8.2.22. ssh_delete_delay

Default value:

0

Optional:

Yes

From version:

4.23.0

Values:
  • Number of seconds

Description:

This allows configuring the SFTP server to delay the delete operation while reporting to the client that the operation was successful. The delete operation is executed with a delay and the success or error is recorded in the event logs.

This is designed to work around a compatibility issue with Azure Data Factory, in which Azure Data Factory SFTP connector requested the file to be deleted, before confirming that a previous download request was finalized.

Set it to 0 to not delay the delete operation and perform the delete operation right away, as requested by the client. This is the standard behaviour, and on errors, the SFTP client is informed of the error.

If this is not the primary group for an account, this configuration is ignored.

8.2.23. virtual_folders

Default value:

Empty

Optional:

Yes

From version:

3.35.0

Values:
  • Comma-separated values defining the virtual path to real path mappings.

  • List of virtual path rules, one rule per line.

Description:

By defining one or more virtual folders, you can allow access to selected files that are located outside an account's locked home folder.

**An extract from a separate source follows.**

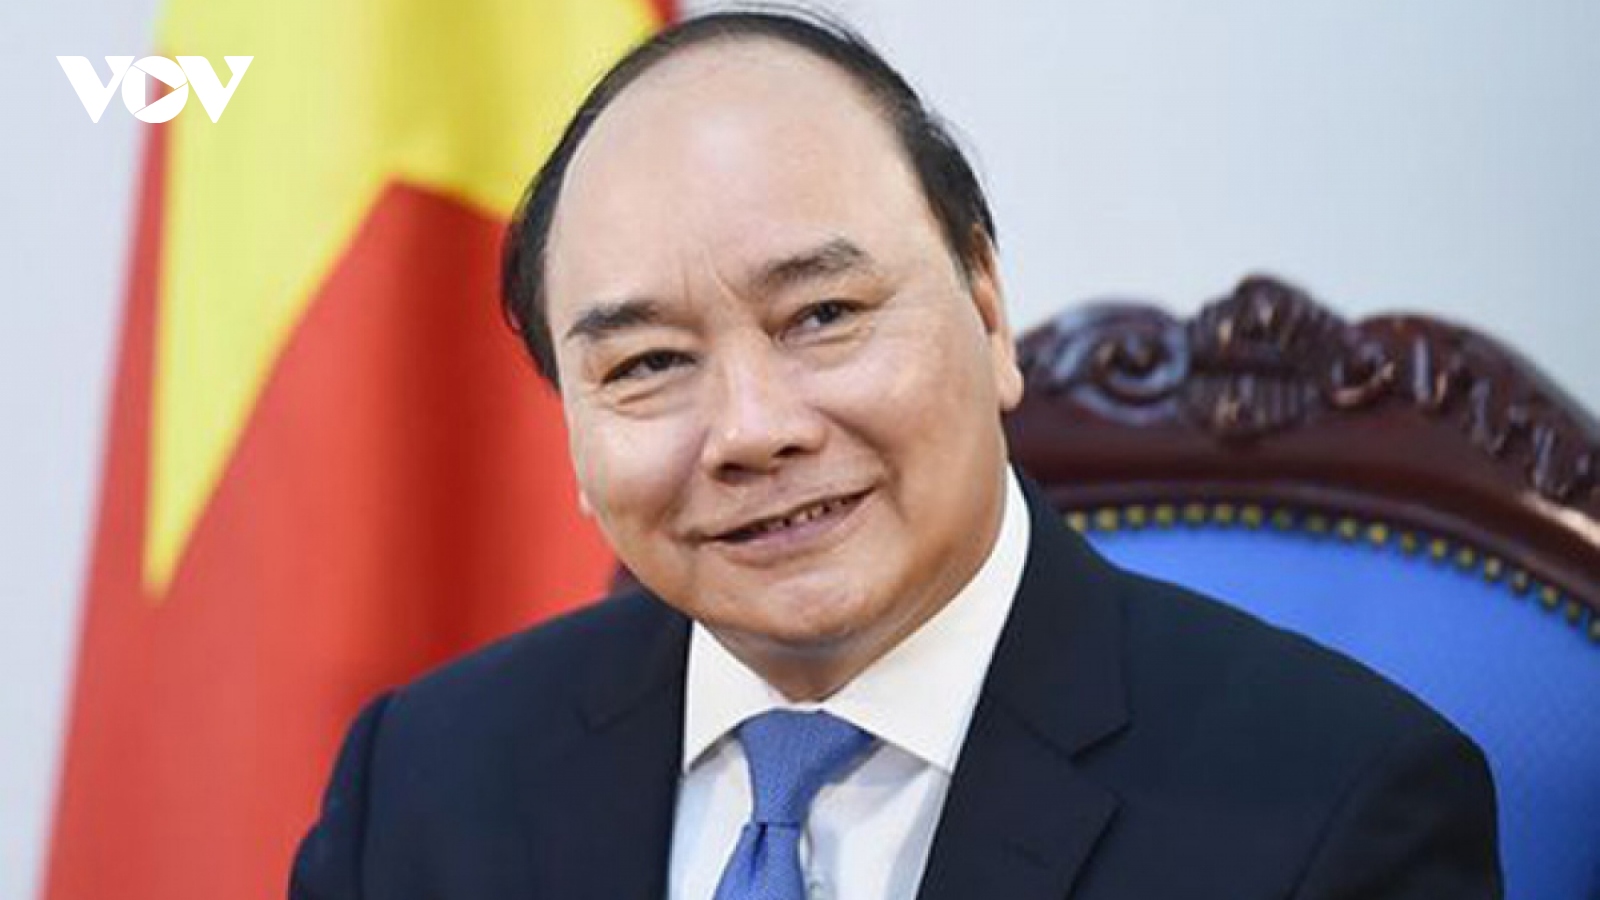 President Phuc’s state visit to propel Vietnam-Indonesia relations forward

This is a comma-separated list of values containing two elements: the virtual path and the real path.

The virtual path is always in Unix-like format (uses slash separators), and should be an absolute path, relative to the account's home folder.

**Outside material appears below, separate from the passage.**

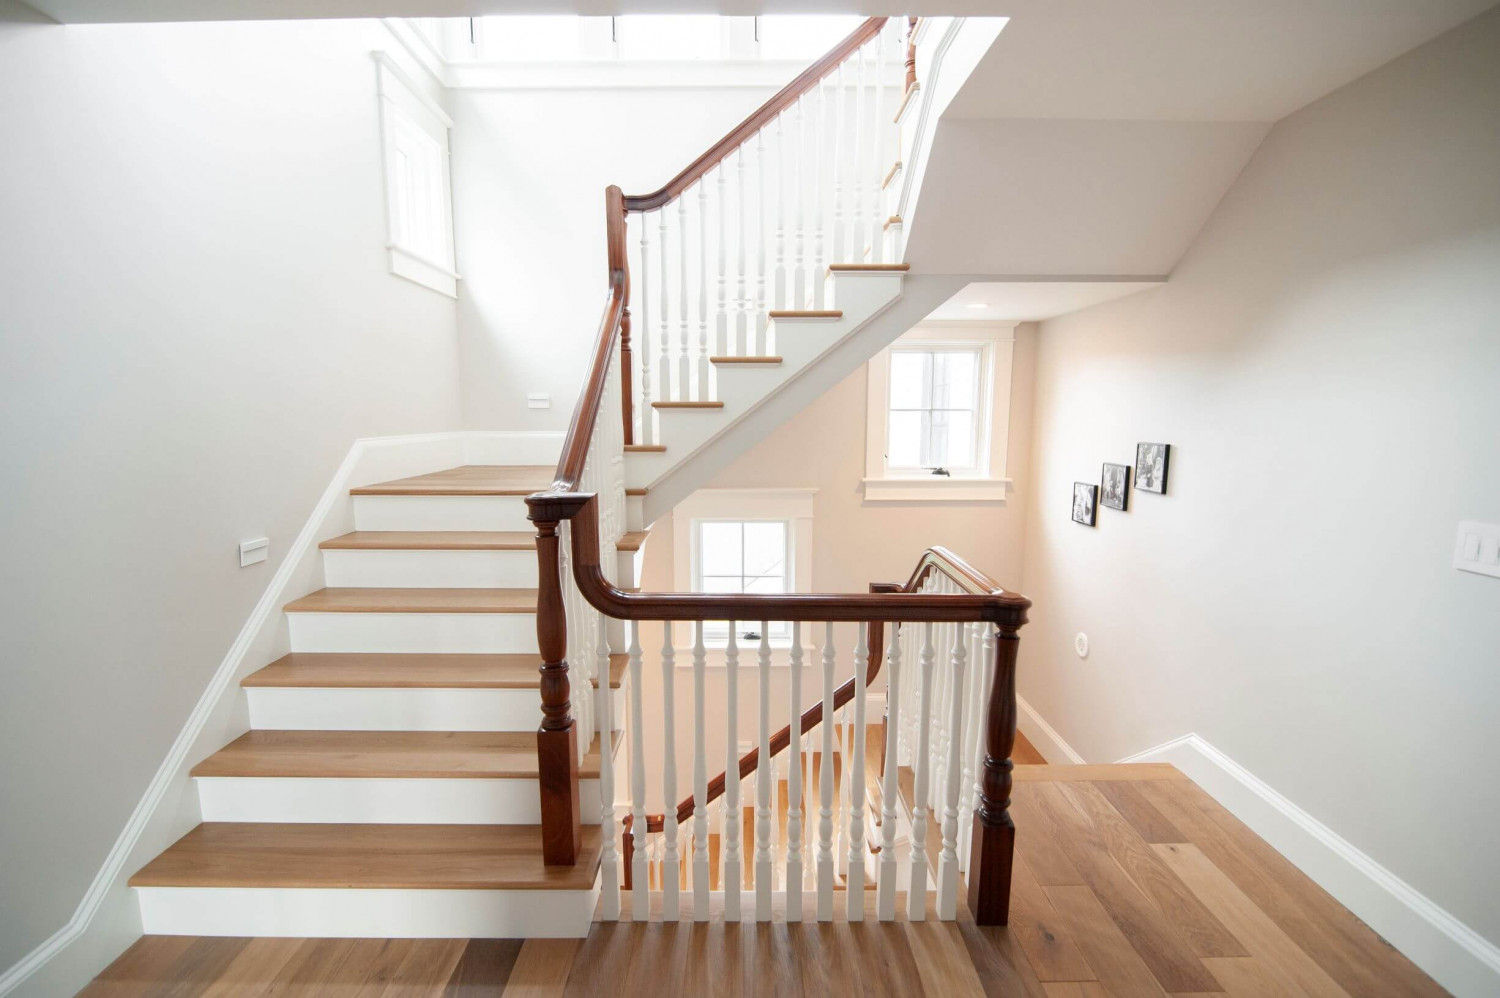 Affordable Stair Parts Supply Store - Stair Building Materials

The real path can be a Unix-like or Windows path and should be an absolute path to an existing folder on the local filesystem.

The virtual path and real path can contain the ${USER} placeholder (case-sensitive), which gets replaced with the name of each authenticated user. These paths are considered as being similar to the account's home folder path. This means that they can be automatically created if missing. (Since 4.22.0)

Below is an example of virtual paths defined for Windows:

virtual_folders =
    /invoices, D:\pull\invoices
    /teams/sales, E:\storage\teams\sales-share

Below is another example of virtual paths defined for Linux/Unix, containing a username placeholder:

virtual_folders =
    /${USER}, /srv/file-server/users/${USER}
    /support, /srv/file-server/support
    /infrastructure, /srv/file-server/infrastructure

For more details and examples on how to configure virtual folders, see the filesystem access documentation.